I mean that HFT serves no positive purpose in creating, maintaing or furthering a fair market for all market participants.

The HFT’s claim that they’re:

- aiding in price discovery. Not true, they’re using a favored position in a network topology to discover prices and order flow in ways other participants cannot. The price hft’s “discover” is not the price I’m goimg to get - because their entire profit model it to make sure that I do not get their price print.

- supplying liquidity. Also not true, and the crash proved that volume is not necissarily liquidity. Two Hft’s cut and ran when the market needed liquidity. The old specialist system would have require the specialist to stand in the gap and provide a price for orderly execution. Instead, we saw some issues trade at $0.01, or the “stub bid.”

- just like normal trades, only they execute a lot of them. No. The HFT’s gain their advantage vs other HFT’s by spending more money on faster networking gear, faster interfaces, better co-location of the HFT’s boxes with the exchanges’. This isn’t creating a market - this is just a game of who is going to write the biggest check to cisco Systems.

NB that when a former employee stole source code, Goldman told the FBI that their hft code in the wrong hands could result in “market manipulation.” OK, so how do we know that GS isn’t manipulating prices with their code?

Full disclosure: I’m a former csco engineer and am long a boatload of csco.

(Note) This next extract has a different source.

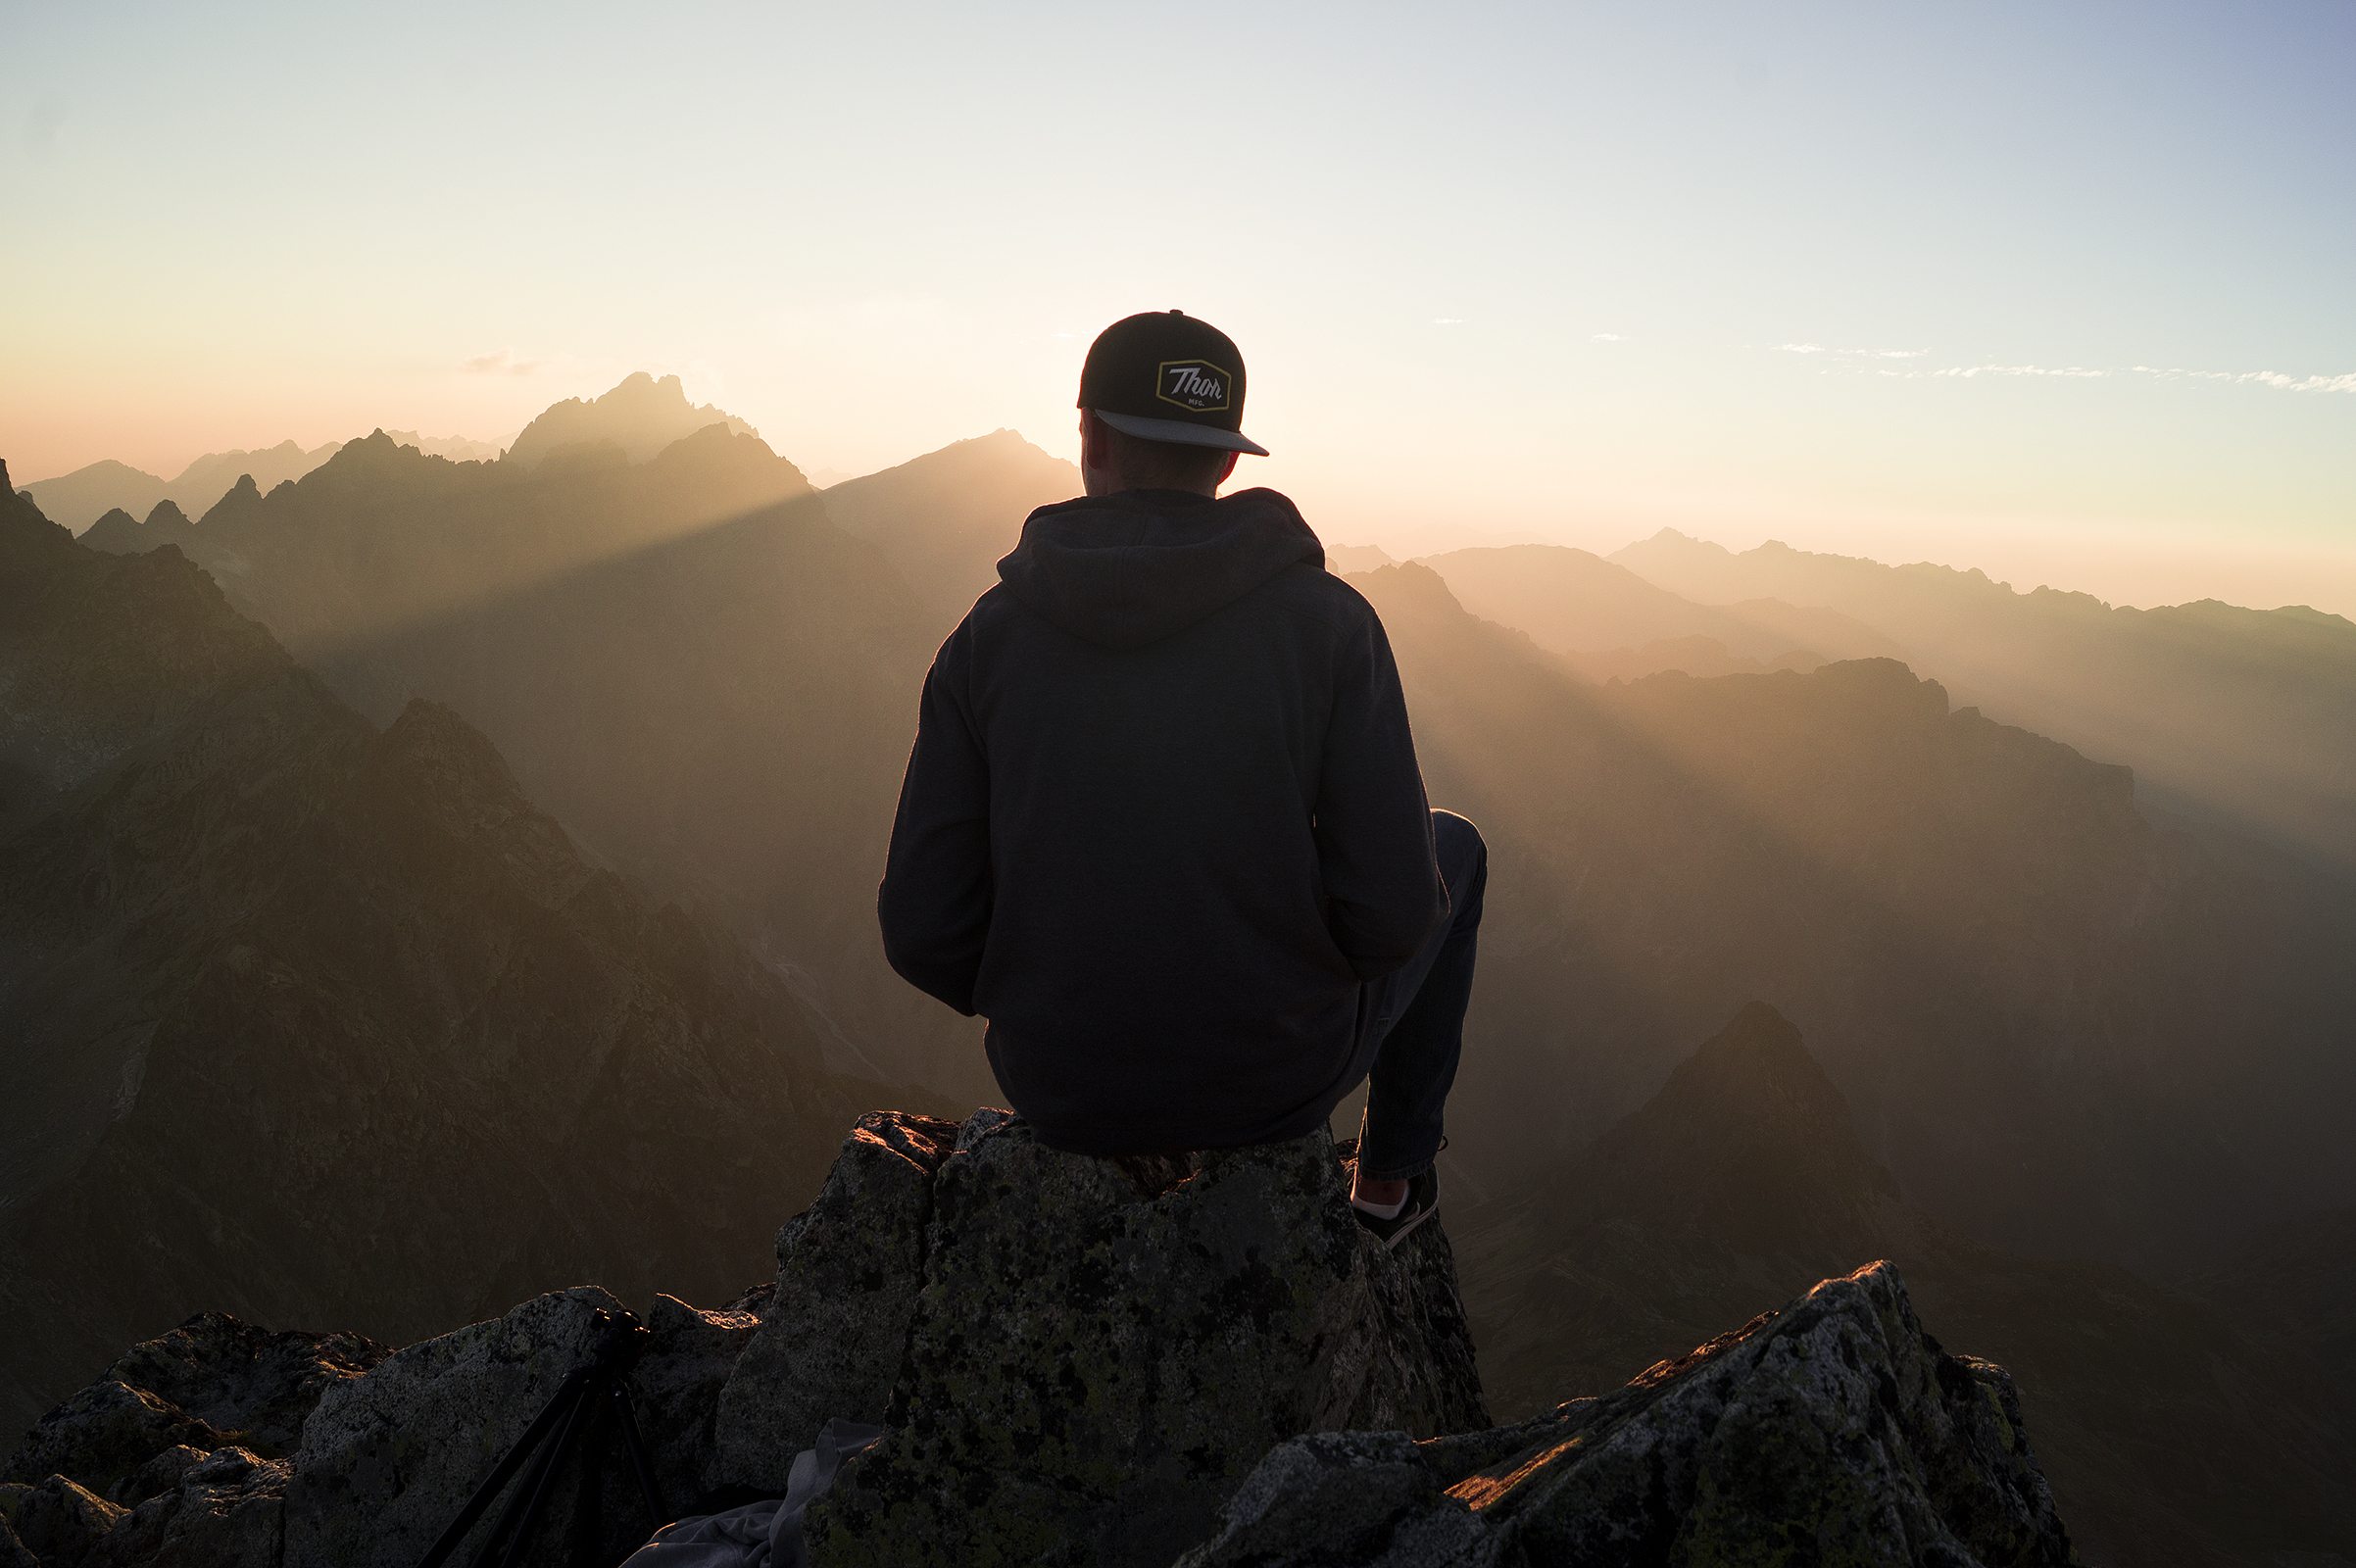 mountain pictures · pexels · free stock photos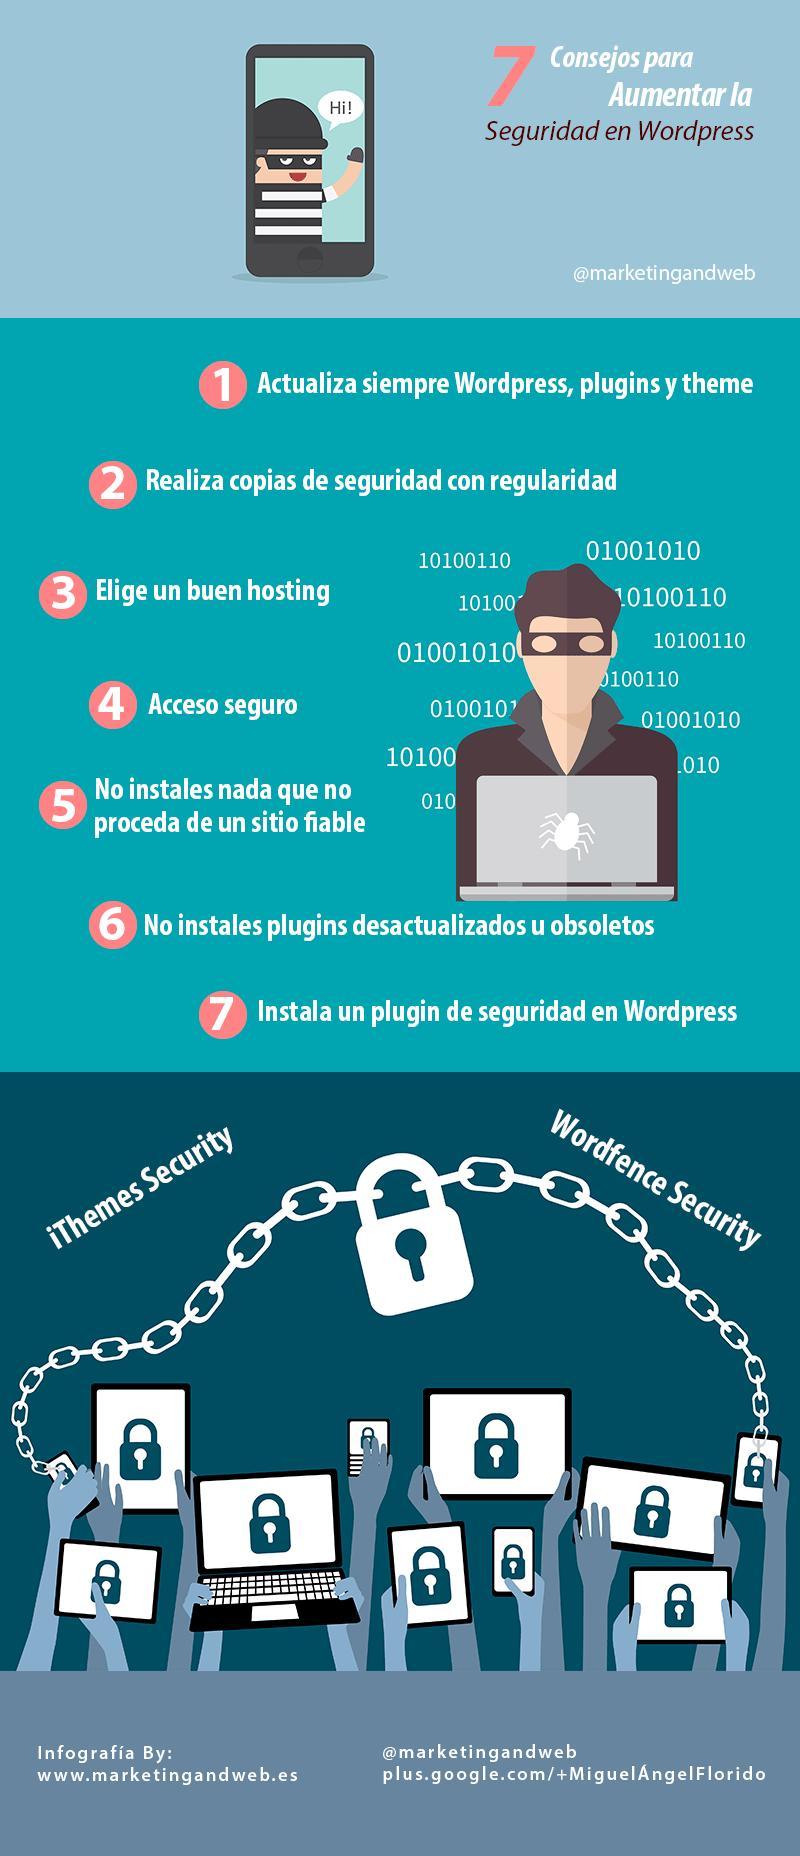 Siete útiles consejos para aumentar la seguridad de WordPress (infografía)

I’m talking opposite my book, in other words. Cisco now has application engineers to cater to HFT’s and peddle great gobs of high bandwidth, low latency boxes for this application market. Doesn’t matter to me. I can’t justify the existence of HFT’s.

I still think hft’s should be shut down, because I believe it is to our long term detriment to continue to allow hft’s to game our markets in such a blatant manner that erodes confidence in our markets.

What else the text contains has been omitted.